Family claims Mexican resort served 'poisonous' drink to woman before she died

NEW YORK (KTRK) -- The family of the young woman who died after being served alcohol during a vacation has filed a civil lawsuit against the Mexico resort and the U.S. based website company that manages the resort's bookings.

The lawsuit comes a year after 20-year-old Abbey Conner was found floating face down in the Iberostar Paraiso Resort pool in Playa del Carmen.

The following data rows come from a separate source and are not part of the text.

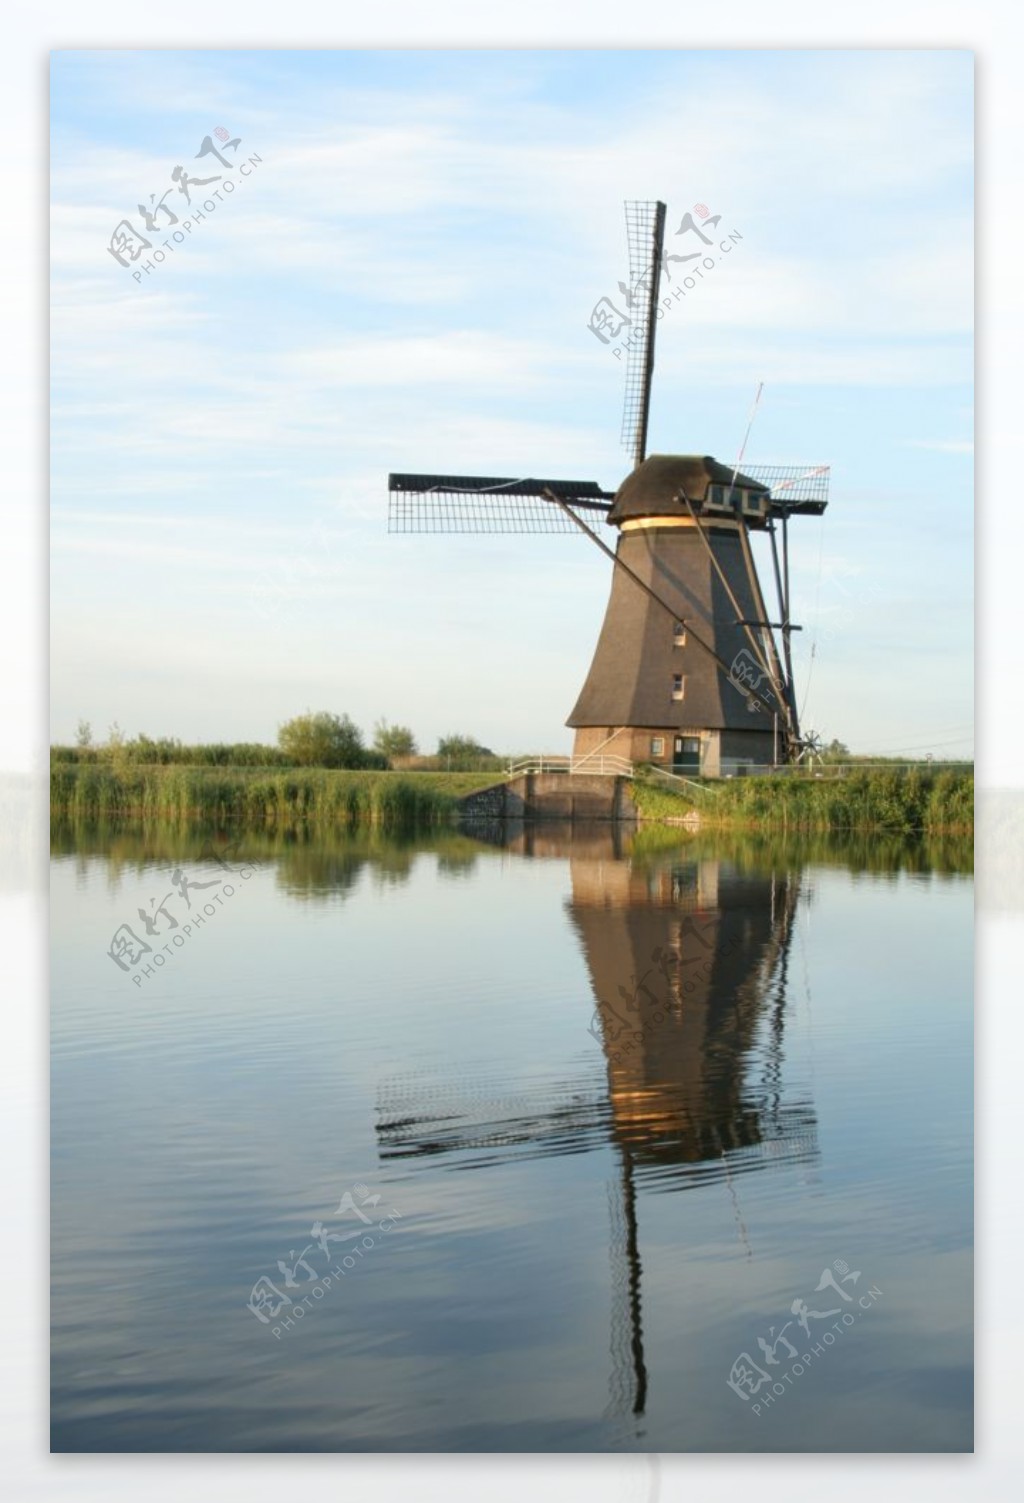 荷兰风车磨坊建筑景观
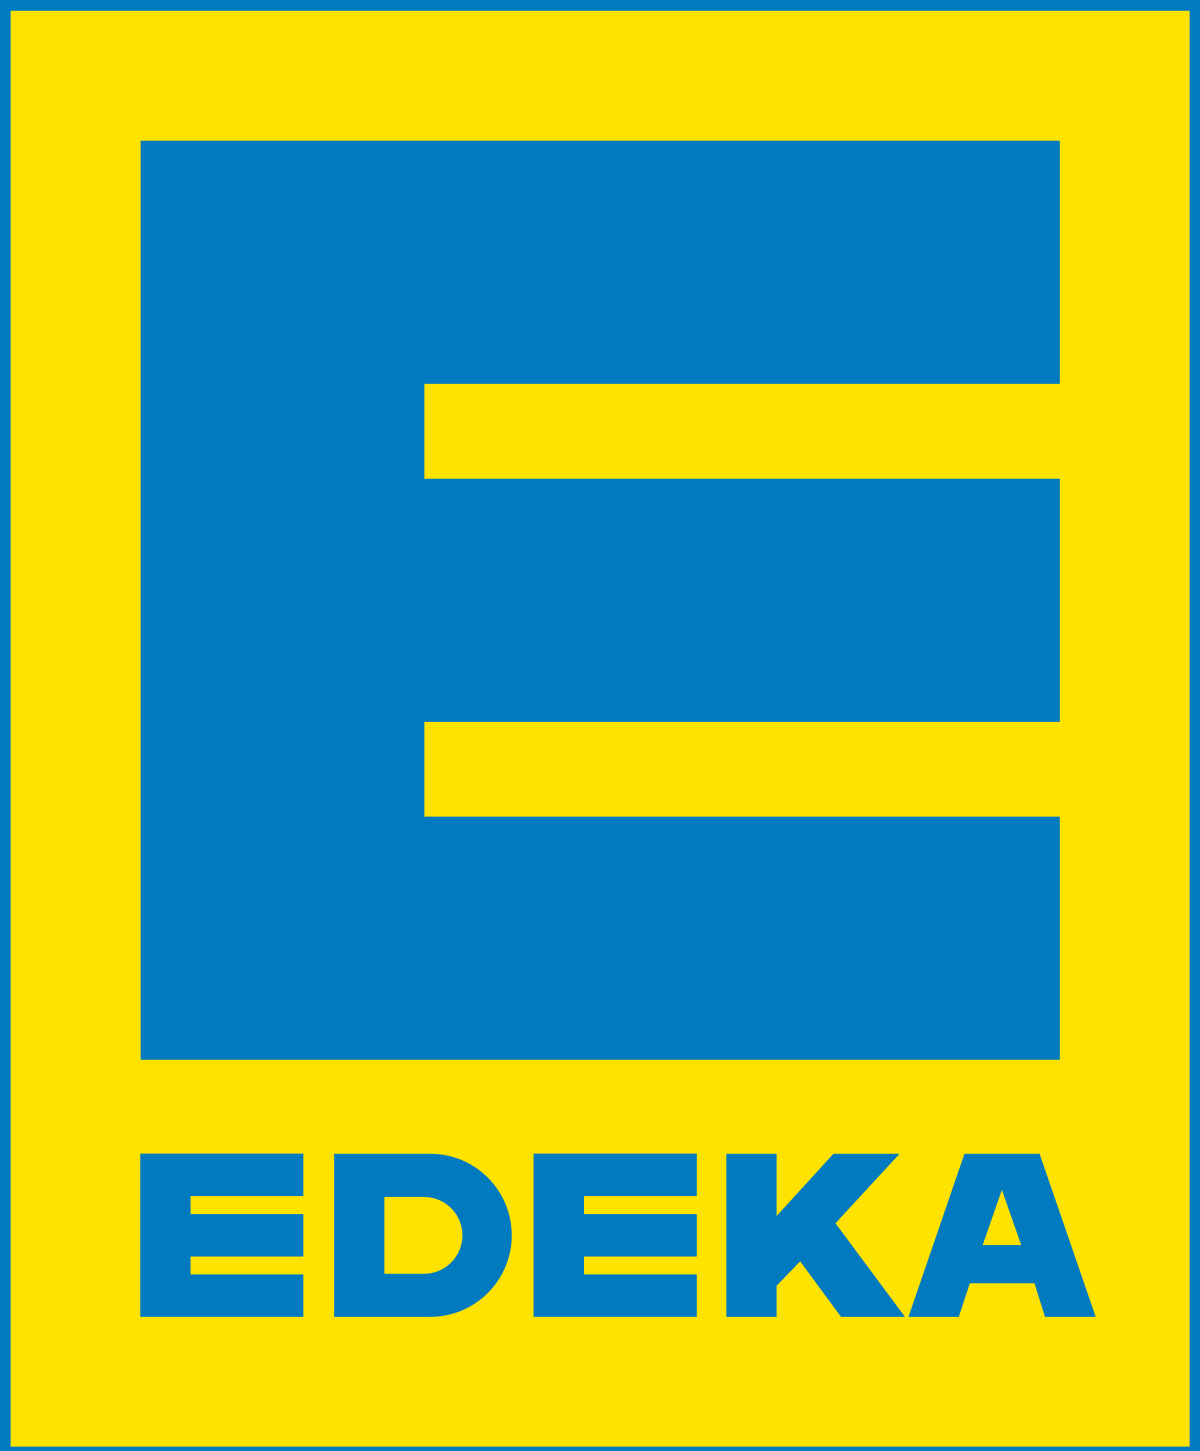 Edeka mbH
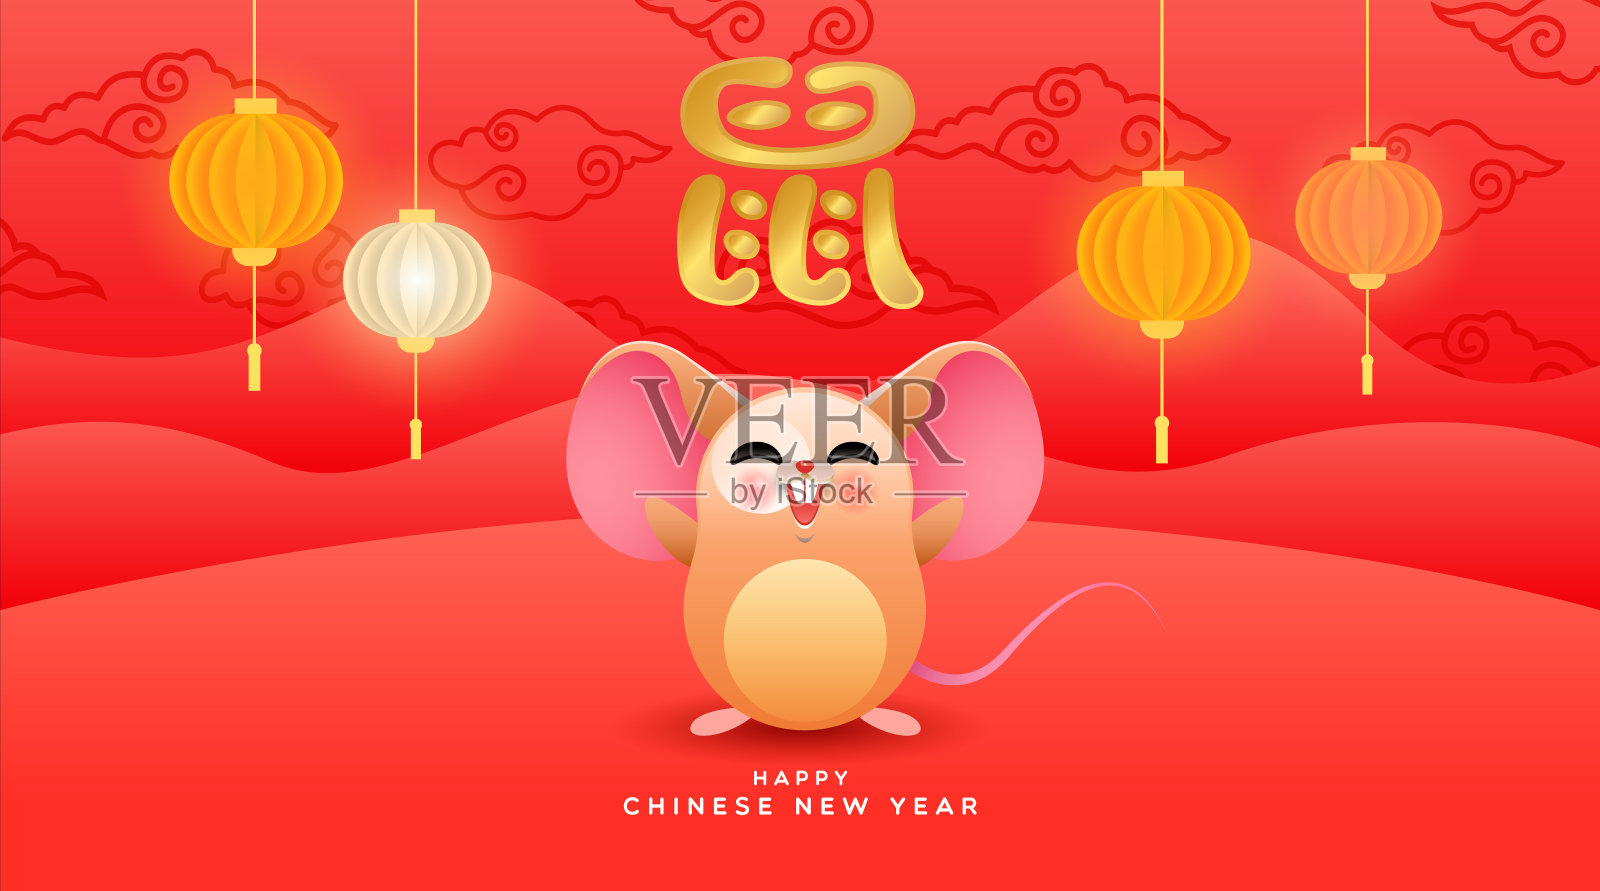 中国2020年卡通可爱老鼠贺卡设计模板素材

The 24-page wrongful death lawsuit outlines the events that unfolded the afternoon Conner and her family arrived in Playa del Carmen at the upscale, all-inclusive resort for a vacation.

The lawsuit says that the Iberostar resort and its website operator, Visit Us, "knew that alcoholic beverages being served at the Hotel Iberostar Paraiso del Mar were tainted, substandard, poisonous, unfit for human consumption and/or otherwise failed to meet bare minimum standards for food and beverage safety" and failed in their "duty to protect Abbey against risks of physical harm."

Abbey's parents, Ginny and John McGowan, said they became alarmed when their daughter and 23-year-old son, Austin, didn't show up for dinner.

"Probably the most excited person was Abbey," Ginny said. "We just sat on chairs at the side of the pool, and we're like, 'we're going to go up and get ready for dinner. You guys need to meet us in the lobby at 7:30.'"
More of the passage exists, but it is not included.